Note: In the real world, there were 100 000 "tasks" so yeah, I can't imagine any non-paging UI handling 100 000 tasks like it's easy peasy.
Also! This was a collaborative effort with another engineer so when I say "I had to write it", it was actually me and my colleague :) Thanks, buddy!
DO $FN$ DECLARE project_id integer BEGIN FOR counter IN 1..10 LOOP RAISE NOTICE 'Counter: %', counter; EXECUTE $$ INSERT INTO projects(name) VALUES ('Group ' || $1) RETURNING id $$ INTO project_id USING counter; EXECUTE $$ UPDATE tasks SET project_id = $1 WHERE tasks.id IN ( SELECT tasks.id FROM tasks INNER JOIN projects ON projects.id = tasks.project_id WHERE projects.name = $2 ORDER BY tasks.id ASC LIMIT 100) $$ USING project_id, 'Client project'; RAISE NOTICE 'Finished Counter: %', counter; END LOOP; END;$FN$
I don't want to go through the query line-by-line but I'd like to definitely explain the various "blocks" of the code so it makes more sense and you can see how SQL works.

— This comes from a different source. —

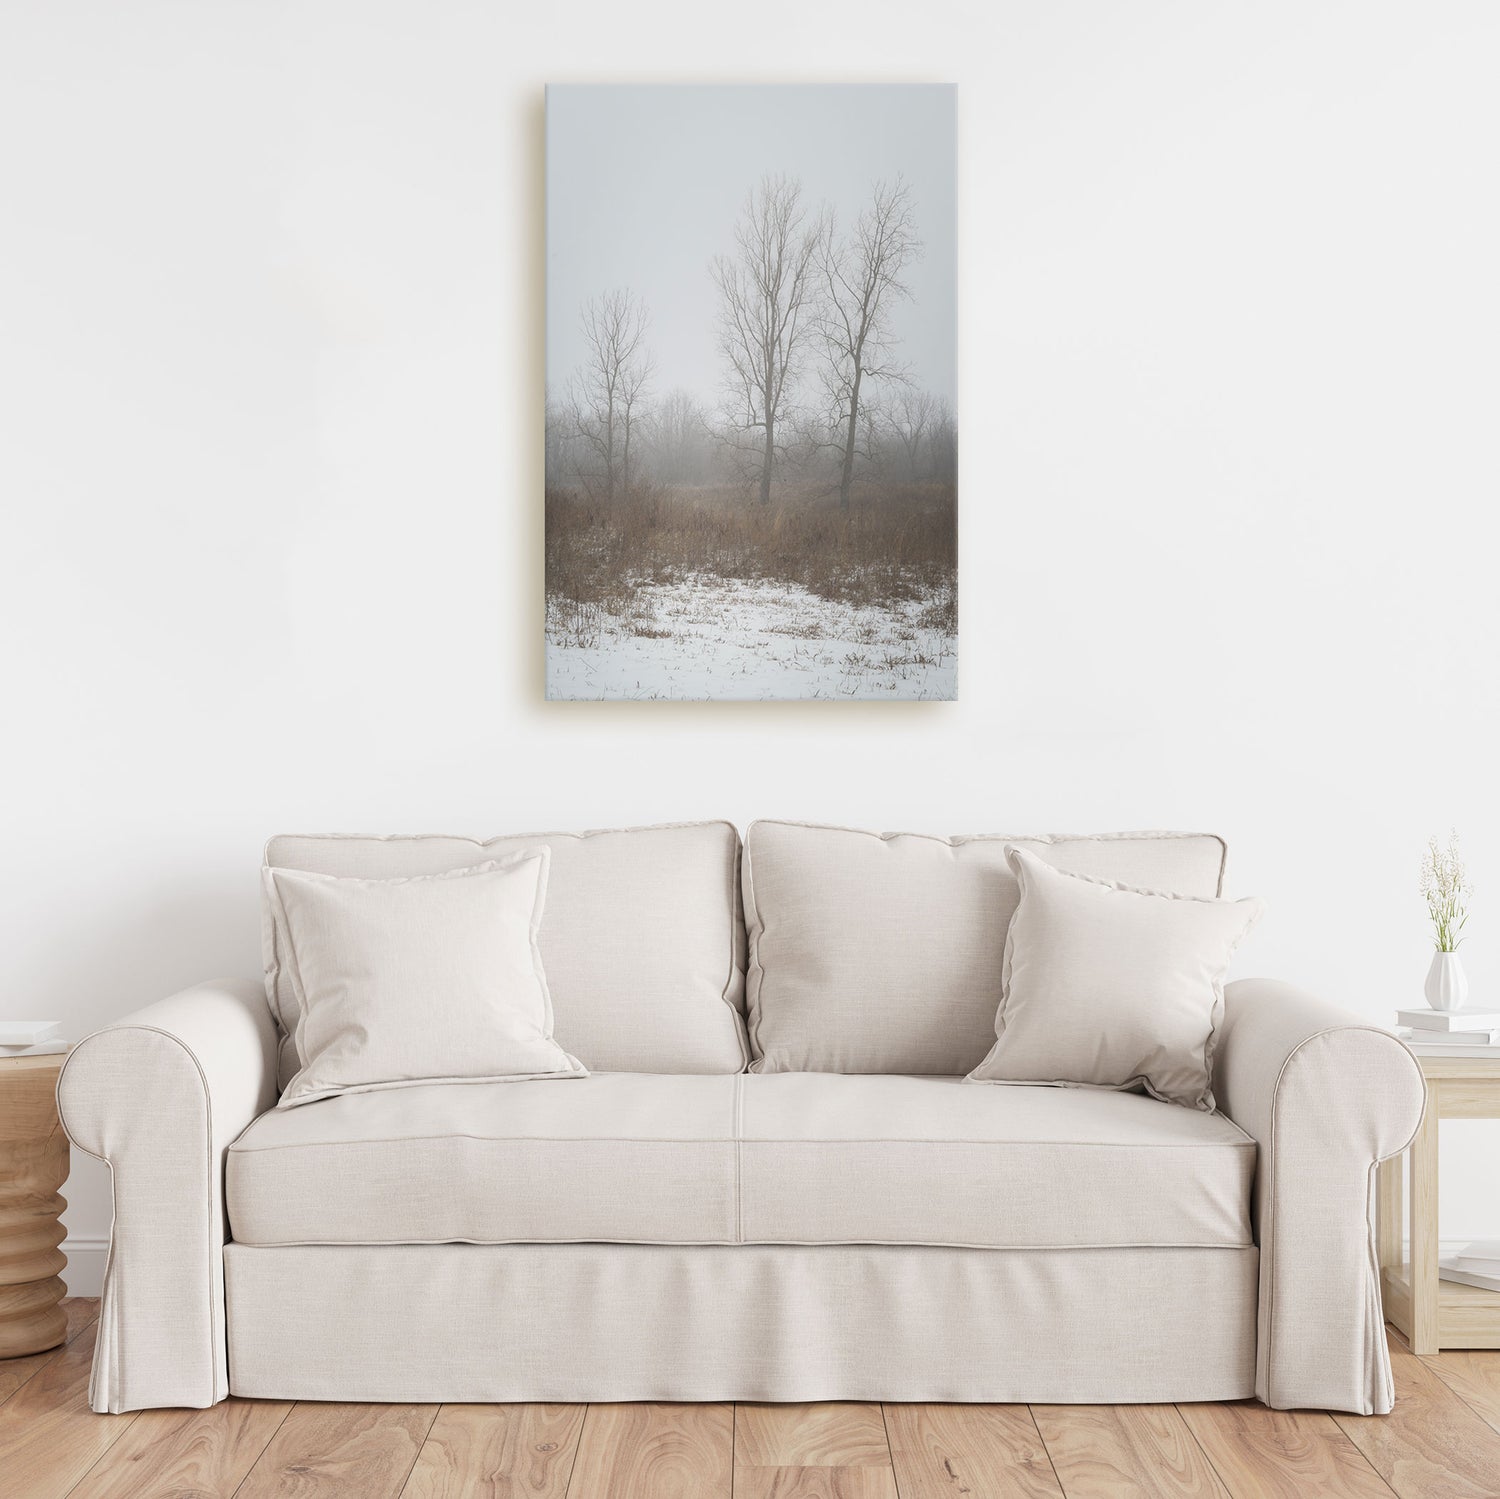 Elegant canvas wall art depicting a tranquil winter landscape with fog-covered trees.

Note that a lot of this is postgres-specific meaning that MySQL, MSSQL, or other SQL databases may not have access to parts of this syntax.
DO $FN$ -- code goes here $FN$
Essentially, this is a "do" block like any other. The documentation for the DO block compares it to a self-executing anonymous function that returns void and takes no arguments.
$FN$ is what's called a dollar-quoted string constant. In Postgres, there are several types of quotes:
- A single quote (
'string goes here') which means the contents are a string
- A double quote (
"column_name") which lets us quote a problematic column or table name and use it safely
- The dollar-quoted string (
$$ SELECT * FROM projects WHERE name = 'test'; $$) which is just like a single quote string except you can use the other types of quotes within
What if you want to nest multiple quotes within each other? You can always escape them with
\ BUT Postgres is amazing so it lets you designate custom tags within those dollars and nest as much as you want to:
$outer_quote$ $inner_quote$ $$ SELECT * FROM projects where name = 'test' $$ $inner_quote$ $outer_quote$
You don't have to declare these custom tags anywhere, they just work. Simply shove a word between the dollar signs.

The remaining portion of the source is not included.